Would you give the listing again exactly as written, minus its pictures?
** Opening SOURCE MATERIAL block **
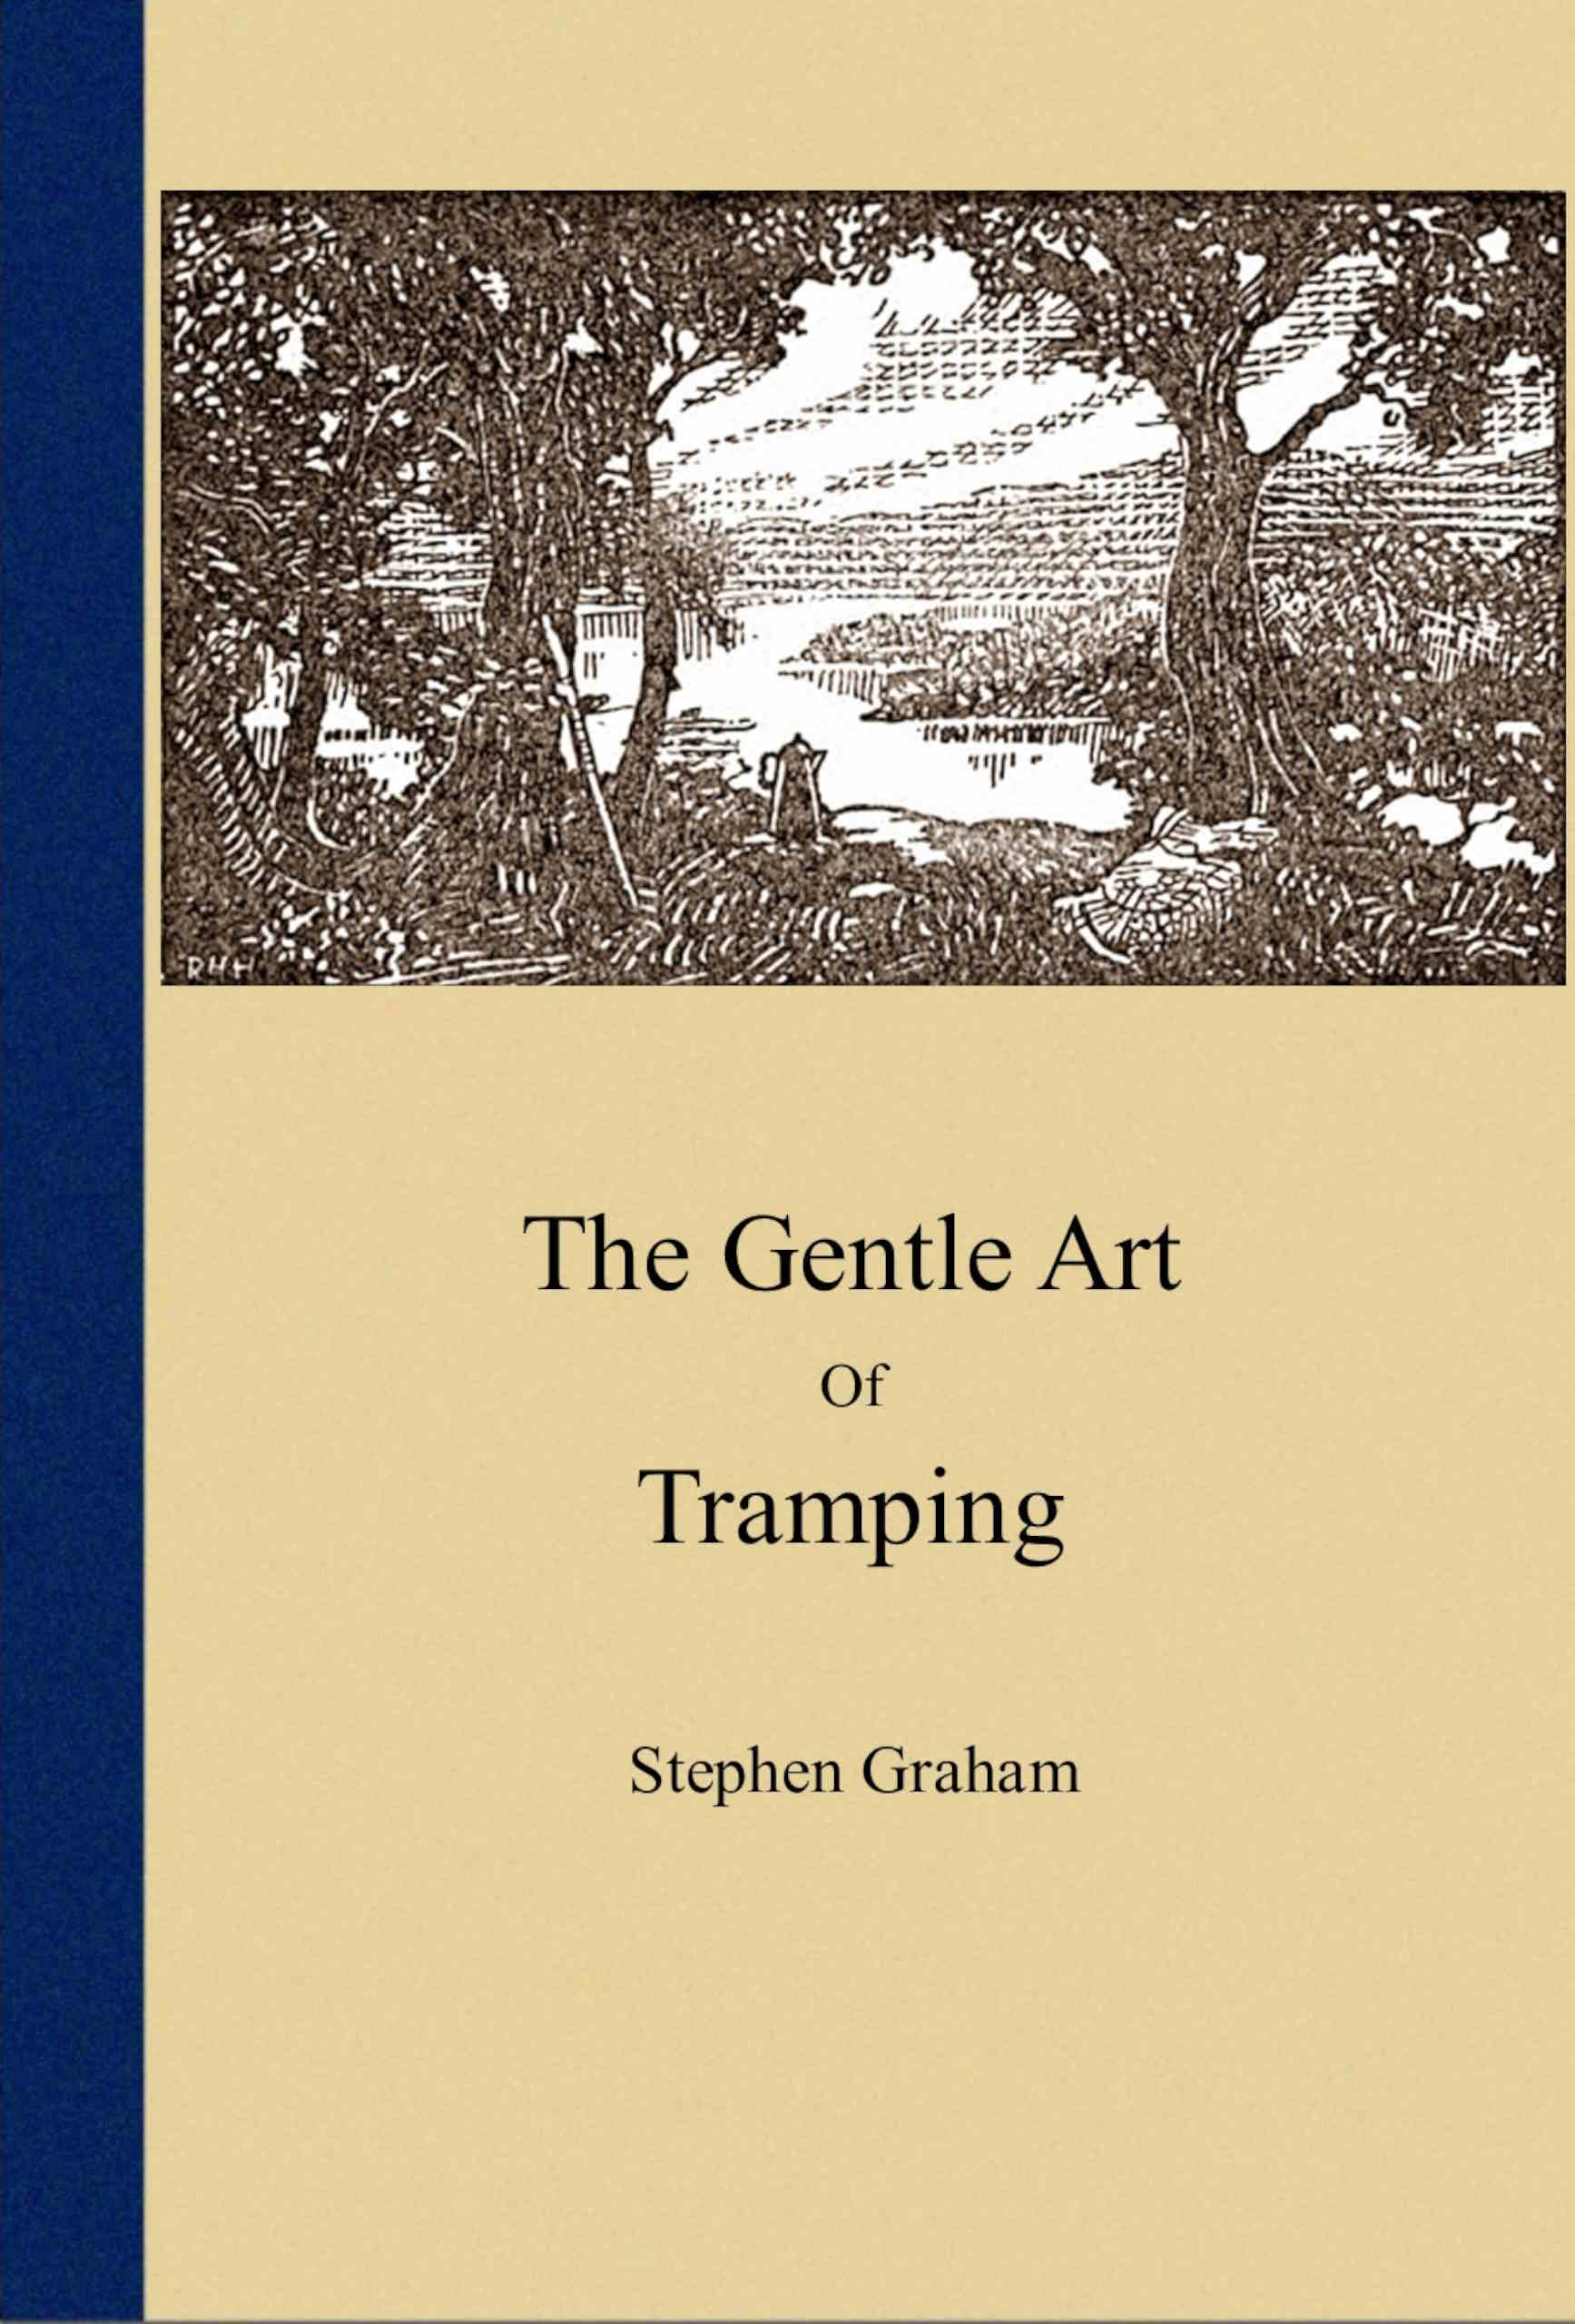 The gentle art of tramping
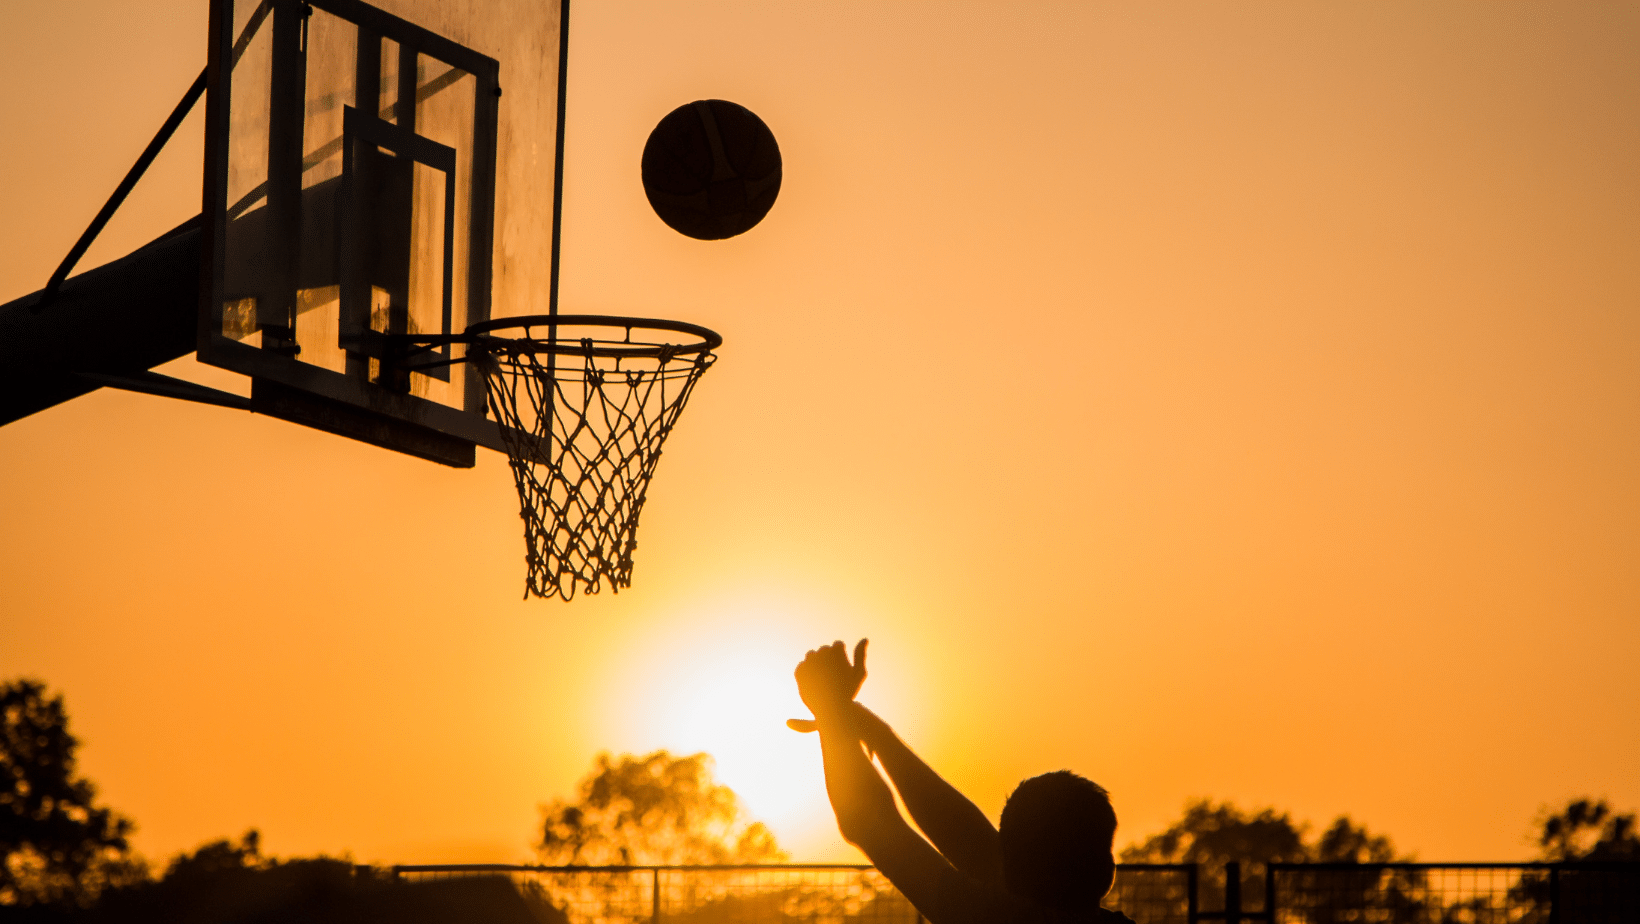 Shooting hoops - boy playing Basketball
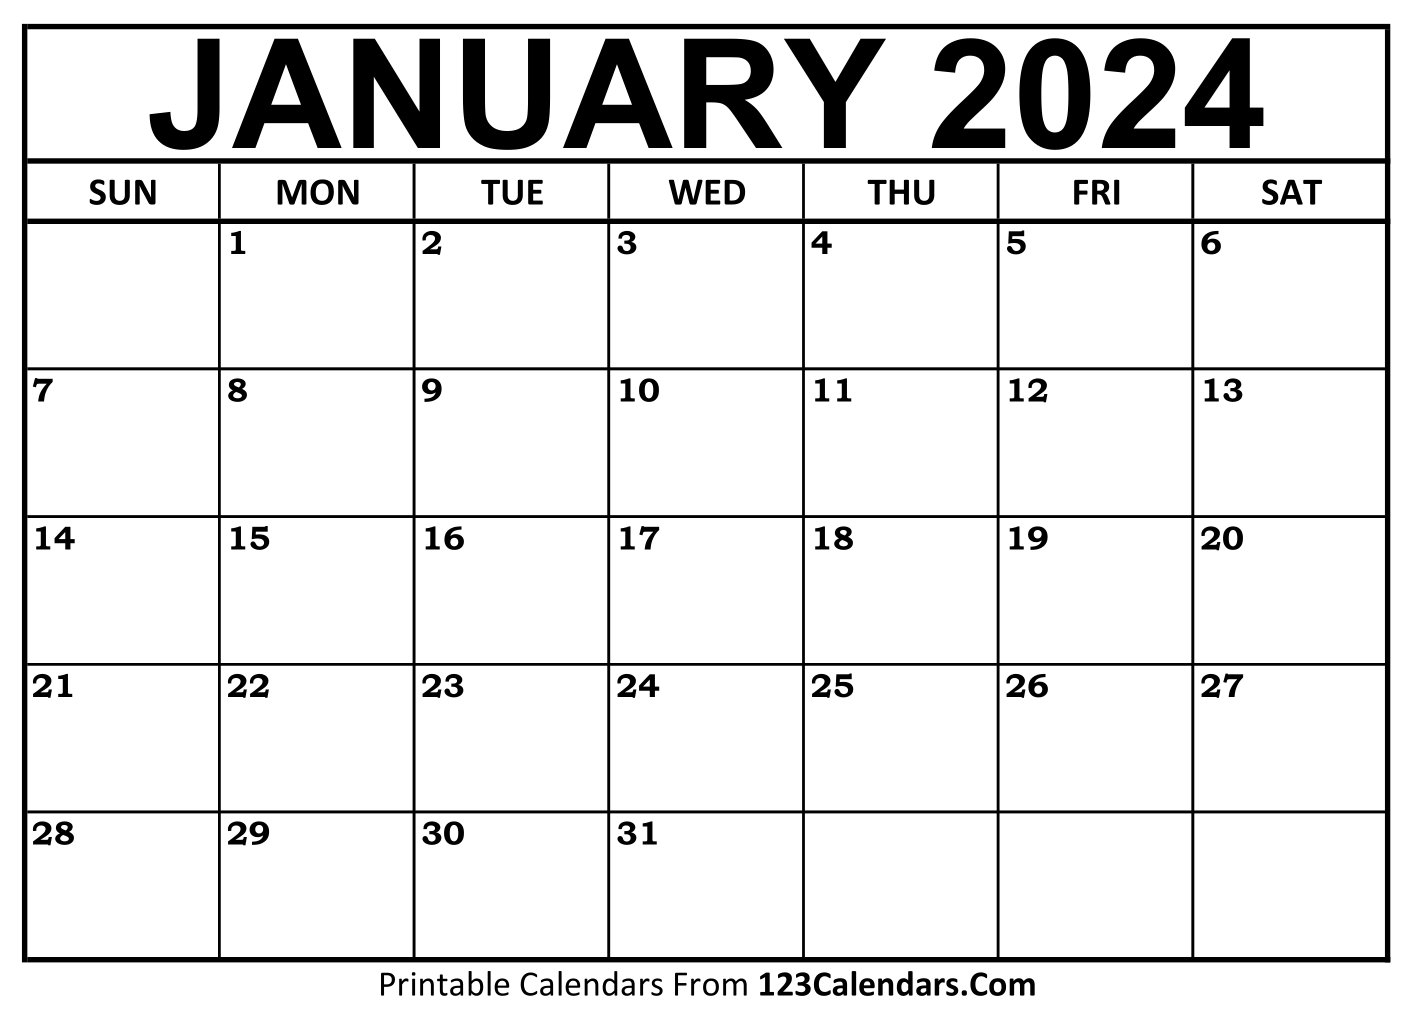 Printable January 2024 Calendar Templates - 123Calendars for Calendar Template January 2024 Printable
** Closing SOURCE MATERIAL block **
[FINISHED EXERCISE]
 The gentle art of tramping
 Shooting hoops - boy playing Basketball
 Printable January 2024 Calendar Templates - 123Calendars for Calendar Template January 2024 Printable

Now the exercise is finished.